Lesbians don’t simply get cured, as if homosexuality were a temporary disease. Someone (de Blasio? McCray? Both?) isn’t being honest.

’Tis the season, but it ain’t jolly!

Santa Claus was fired from a mall in Maine for refusing to let a 6-year-old girl sit on his lap after her mom declined to buy a $20 photo. Rhode Island Gov. Lincoln Chafee went politically correct, renaming the State House Christmas tree a random “holiday’’ tree.

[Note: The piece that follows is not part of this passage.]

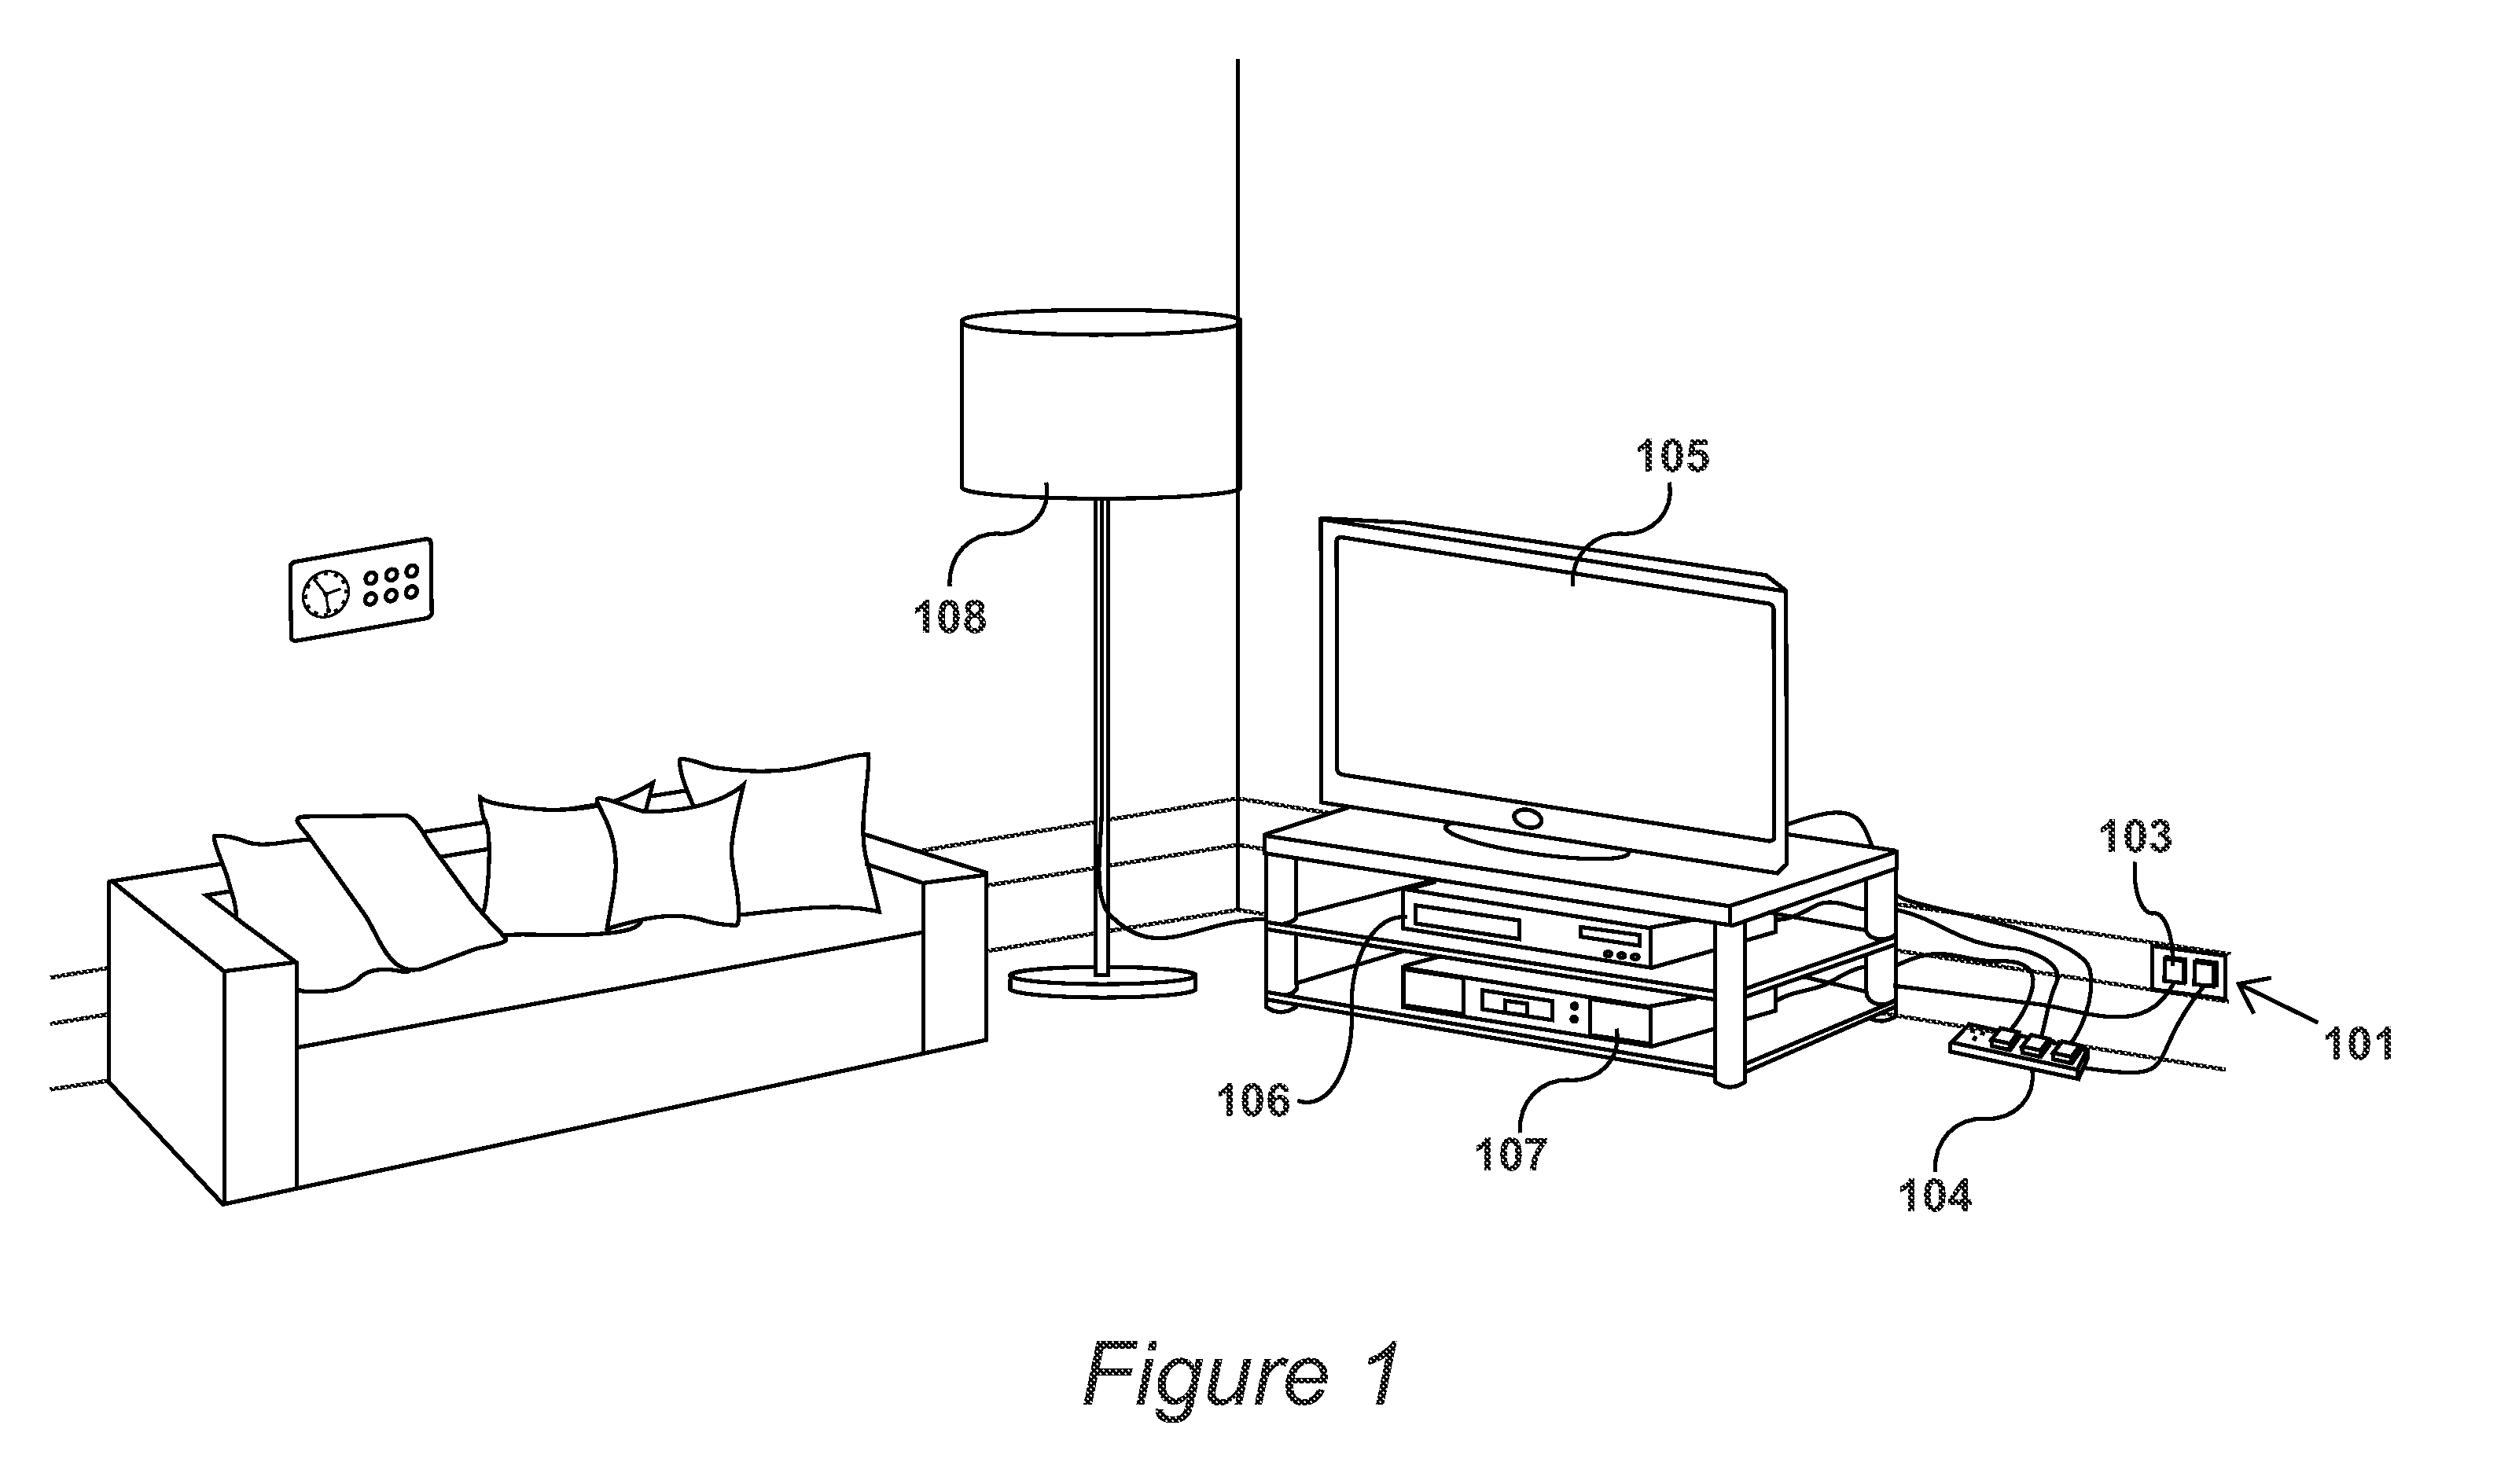 Electrical Supply Apparatus

In New York, an aspiring actor hired by the Salvation Army as a singing sidewalk elf says he was sacked because he wasn’t a hot chick who rakes in the heftiest donations.

“It doesn’t hurt to be cute,” agreed Carolyn Wells, 20, who sings for the charity outside Tiffany’s in Midtown.

Residents of a California seniors’ apartment complex protested an order from management to remove their beloved Christmas tree (Hanukkah menorahs, too) due to a new ban on religious symbols.

From a grumpy Santa and treeless old folks, to a Grinchy governor and sexist Army, holiday spirit is sorely lacking this season.

Bring back the joy!

Not-so-smart Alec ‘bloodies’ Quinn

Hide the women! Alec Baldwin is on a tear.

This time, City Council Speaker Christine Quinn drew the insane ire of The Bloviator. What did Quinn do wrong? Did she ask Alec to shut off his cellphone before boarding a plane? Or cut off his access to Twizzlers?

Nope. Quinn pushed through Mayor Bloomberg’s selfish bid to allow local politicians to serve third terms in office.

“Quinn has that blood on her hands,’’ Alec told Piers Morgan.

If I were you, Chris, I’d consider an order of protection.

Gov’t grave robbing

They’re bleeding us dry. When I wrote about a conference featuring a Halloween ghoul-fest starring actors dressed as flesh-eating zombies, I didn’t know how big and stupid it was.

To teach cops and other first responders from around the country to deal with an apocalypse à la “The Walking Dead,’’ and other real and imaginary threats, the Department of Homeland Security paid $1,000 of taxpayer money to the HALO Corp. for each participant, revealed a report by Sen. Tom Coburn (R-Okla.).

At least citizens are now safe from the undead. Terrorists, I don’t know.